Once you add an virtual method to the class SimpleClass, the memory map of the object changes.
class SimpleClass {
virtual void foo();
int member;
};
Every object of SimpleClass now contains a special pointer called as vptr which points to a vtable which is a table of addresses of all virtual functions in SimpleClass. The first 4 bytes of every object of SimpleClass now point to the vptr and not SimpleClass::member and that is the reason you cannot access member in the same way as first case.
Ofcourse, virtual behavior is implementation detail of compilers and vptr nor vtable are specified in the standard but the way i mentioned is how most compilers would implement it.
Since the implementation detail might be different for each compiler you should rely on accessing class members through pointers to class(especially polymorphic classes). Also, doing so defeats the entire purpose of Abstraction through Access Specifiers.
All right, several things.
Your first code example won't compile because you can't have a pointer to a class.

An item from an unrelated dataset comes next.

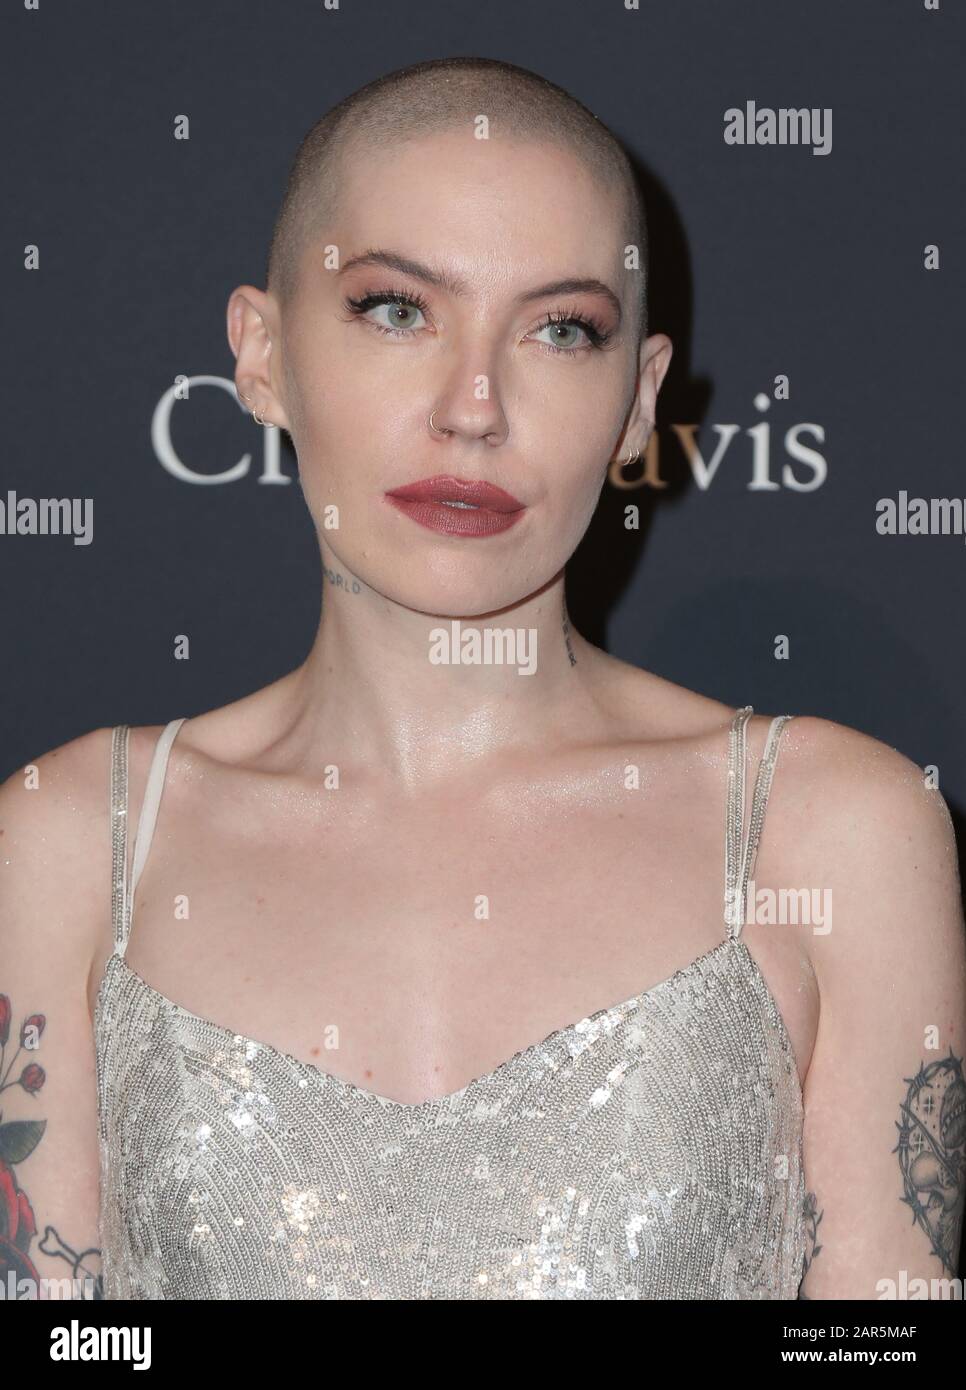 Bishop Briggs walking the red carpet at the Clive Davis' 2020 Pre-Grammy  Gala held at The Beverly Hilton Hotel on January 25, 2020 in Los Angeles,  California USA (Photo by Parisa Afsahi/Sipa

I think you meant this:
SimpleClass instance;
int* pointer = (int*) &instance;
(Please don't code you haven't tried compiling.)
This kind of casting is powerful and dangerous. You could just as well cast to a pointer to some type (say, char*) and as long as it was a type no larger than int, the code would compile and run. This kind of reinterpretation is like a fire axe, to be used only when you have no better choice.
As it is, pointer points to the beginning of 'instance', and instance begins with instance.member (like every instance of SimpleClass), so you really can manipulate that member with it. As soon as you add another field to SimpleClass before member, you mess up this scheme.
In your second code example, you can still use pointer to store and retrieve an int, but you're doing so across boundaries within the memory structure of instance, which will damage instance beyond repair. I can't think of a good metaphor for how bad this is.
In answer to your questions: yes, this is specified somewhere, and no, common sense isn't good enough, you'll need insight into how the language works (which comes from playing around with questions like this).